Rule 501(a) under the Securities Act, in relevant part, states that an “accredited investor” shall mean any person who comes within any of the below listed categories, or who the issuer reasonably believes comes within
any of the below listed categories, at the time of the sale of the securities to that person. The Investor has indicated, by marking and initialing the appropriate box below, the provision(s) below which apply to the Investor and under which the
Investor accordingly qualifies as an “accredited investor.”
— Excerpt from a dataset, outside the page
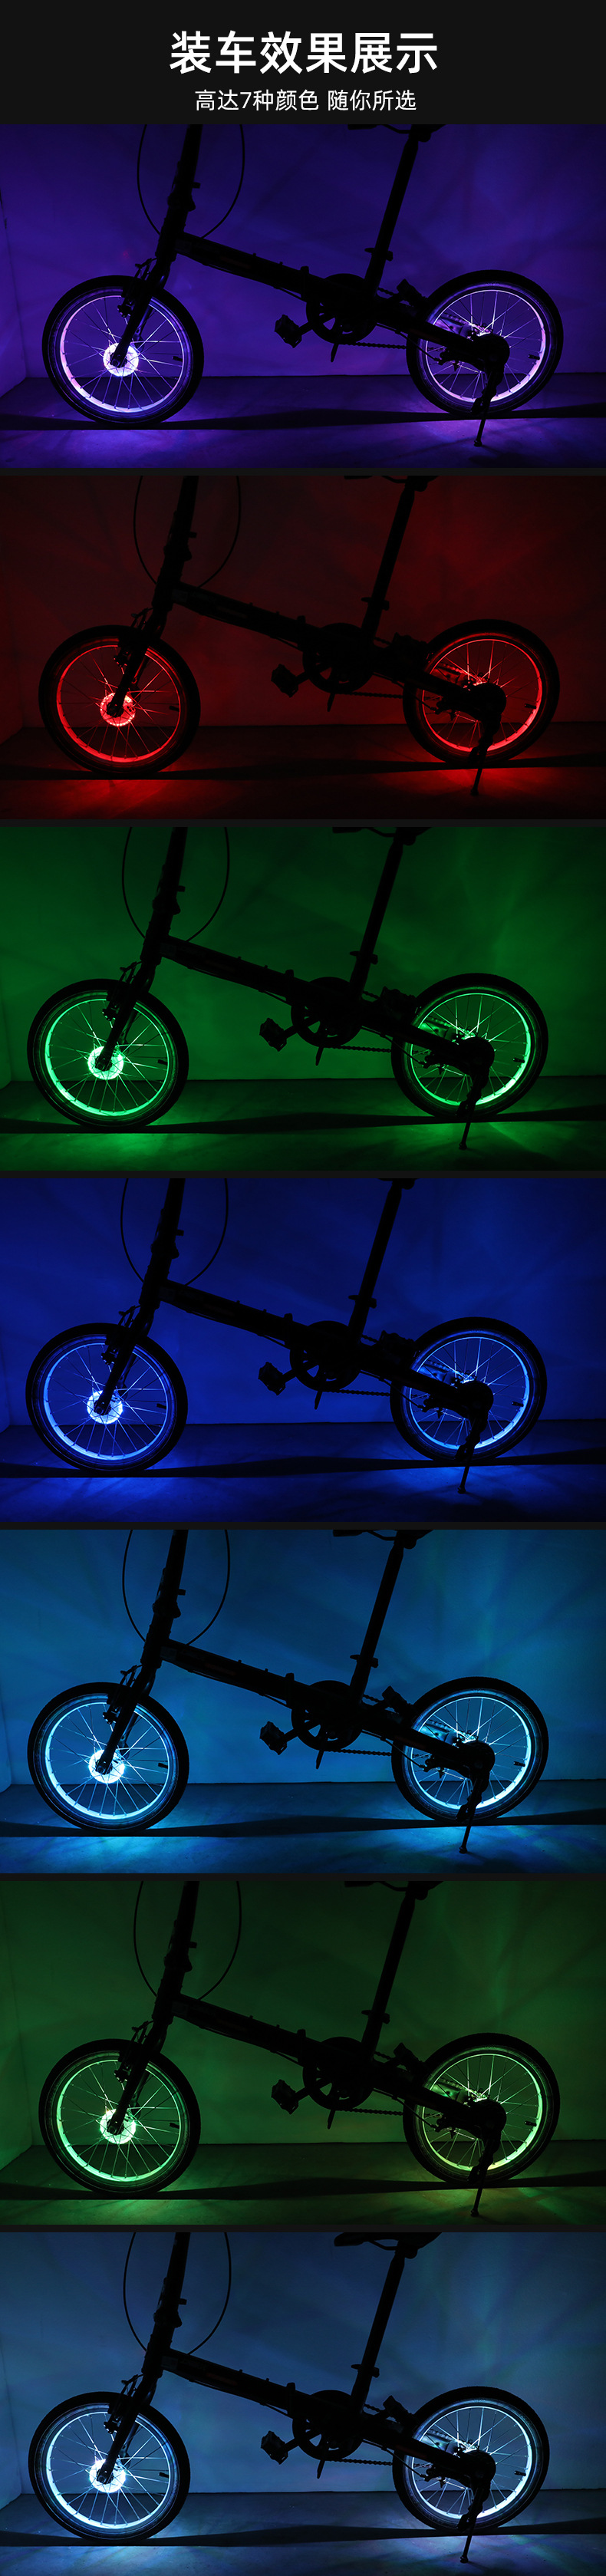 自行车充电花鼓灯儿童平衡车风火轮装饰辐条七彩LED感应轮毂灯详情12

☐ Any bank, registered broker or dealer, insurance company, registered investment company, business development company, or small
business investment company;
☐ Any plan established and maintained by a state, its political subdivisions, or any agency or instrumentality of a state or its
political subdivisions for the benefit of its employees, if such plan has total assets in excess of $5,000,000;
☐ Any employee benefit plan, within the meaning of the Employee Retirement Income Security Act of 1974, if a bank, insurance
company, or registered investment adviser makes the investment decisions, or if the plan has total assets in excess of $5,000,000;
☐ Any organization described in Section 501(c)(3) of the Internal Revenue Code, corporation, similar business trust, or partnership,
not formed for the specific purpose of acquiring the securities offered, with total assets in excess of $5,000,000;
☐ Any director, executive officer, or general partner of the issuer of the securities being offered or sold, or any director,
executive officer, or general partner of a general partner of that issuer;
☐ Any natural person whose individual net worth, or joint net worth with that person’s spouse, exceeds $1,000,000. For purposes of
calculating a natural person’s net worth: (a) the person’s primary residence shall not be included as an asset; (b) indebtedness that is secured by the person’s primary residence, up to the estimated fair market value of the primary residence at
the time of the sale of securities, shall not be included as a liability (except that if the amount of such indebtedness outstanding at the time of sale of securities exceeds the amount outstanding sixty (60) days before such time, other than as
a result of the acquisition of the primary residence, the amount of such excess shall be included as a liability); and (c) indebtedness that is secured by the person’s primary residence in excess of the estimated fair market value of the primary
residence at the time of the sale of securities shall be included as a liability;
☐ Any natural person who had an individual income in excess of $200,000 in each of the two most recent years or joint income with
that person’s spouse in excess of $300,000 in each of those years and has a reasonable expectation of reaching the same income level in the current year;
☐ Any natural person holding in good standing one or more professional certifications or designations or credentials from an
accredited educational institution that the SEC has designated as qualifying an individual for accredited investor status, such as a General Securities Representative license (Series 7), a Private Securities Offerings Representative license
(Series 82) and an Investment Adviser Representative license (Series 65);
☐ Any trust with assets in excess of $5,000,000, not formed to acquire the securities offered, whose purchase is directed by a
sophisticated person; or
☐ Any entity in which all of the equity owners are accredited investors meeting one or more of the above tests.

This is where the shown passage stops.